[Techtalk] Programming languages for women
jenn at anthill.echidna.id.au
Mon Mar 4 09:24:09 EST 2002
On Mon, 2002-03-04 at 06:52, jennyw wrote:
> On the topic of getting more women involved in open source, are there
> languages that are more woman-friendly than others?
My initial response to this was 'what can she mean?'
> Since the number of
> women are in decline in programming, this may need to include current
> non-programmers and beginning programmers. Technical issues aren't the only
> consideration, though.
I can't think of -any- technical considerations, so if you can, please
enlighten me. :)
> Programming languages tend to have cultures
> associated with them. The culture of C++ programmers I experienced wasn't
> particular woman-friendly (actually, it was kind of woman-hostile -- lots of
> boys with big egos and rampant sexism).
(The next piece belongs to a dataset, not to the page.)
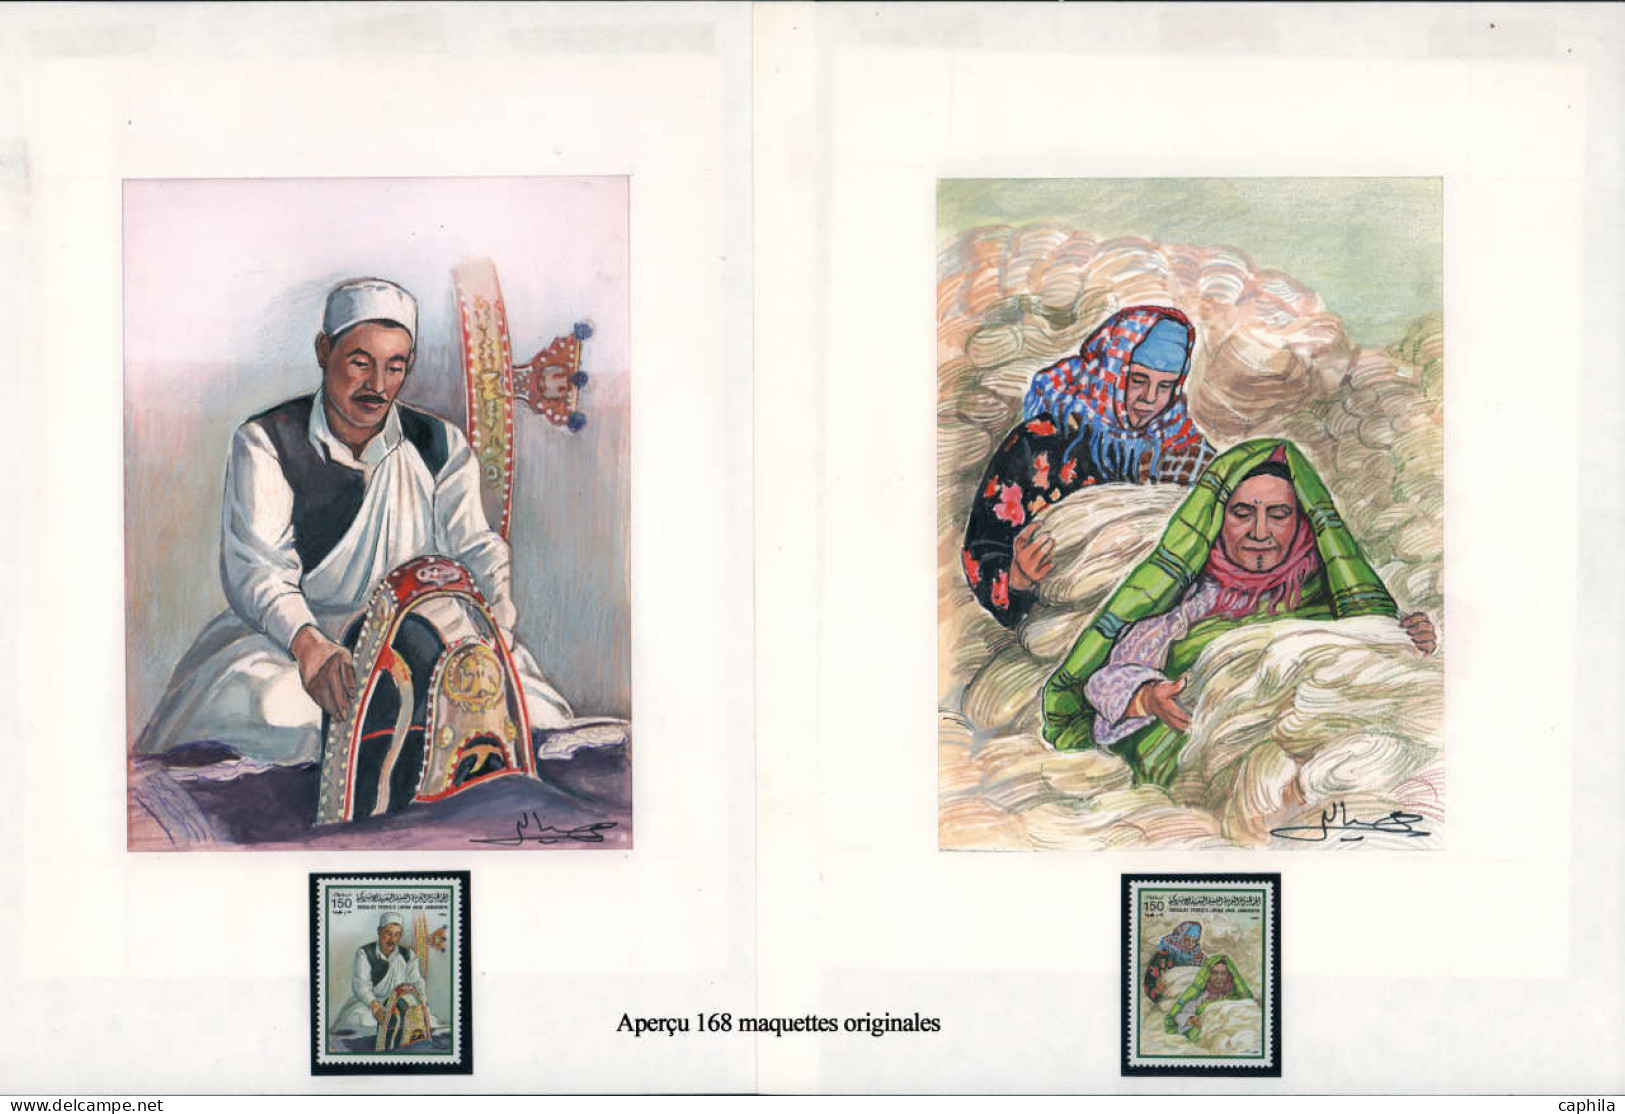 LIBYE Epreuves d'Artiste MAQ - Exceptionnelle collection de 168 maquettes originales, nombreux thématiques: Chevaux, fru

This makes more sense to me.
However, I learned programming in the era before the 'net was really
available to home users, and it just doesn't -occur- to me to ask for
help, or find online communities. Any time I'm learning a language, it's
just me and a book and a compiler. I don't think I've ever been part of
-any- language community.
(It also doesn't occur to me to join communities for software I use.
Dancer basically pushed me at Linuxchix. I'm still not a member of Linux
Users Victoria, I write about CVS and Squid and make and haven't so much
as read the mailing list archives, much less joined the lists....)
So I'm afraid I can't answer this one at all.
"Do you ever wonder if there's a whole section of geek culture
you miss out on by being a geek?" - Dancer.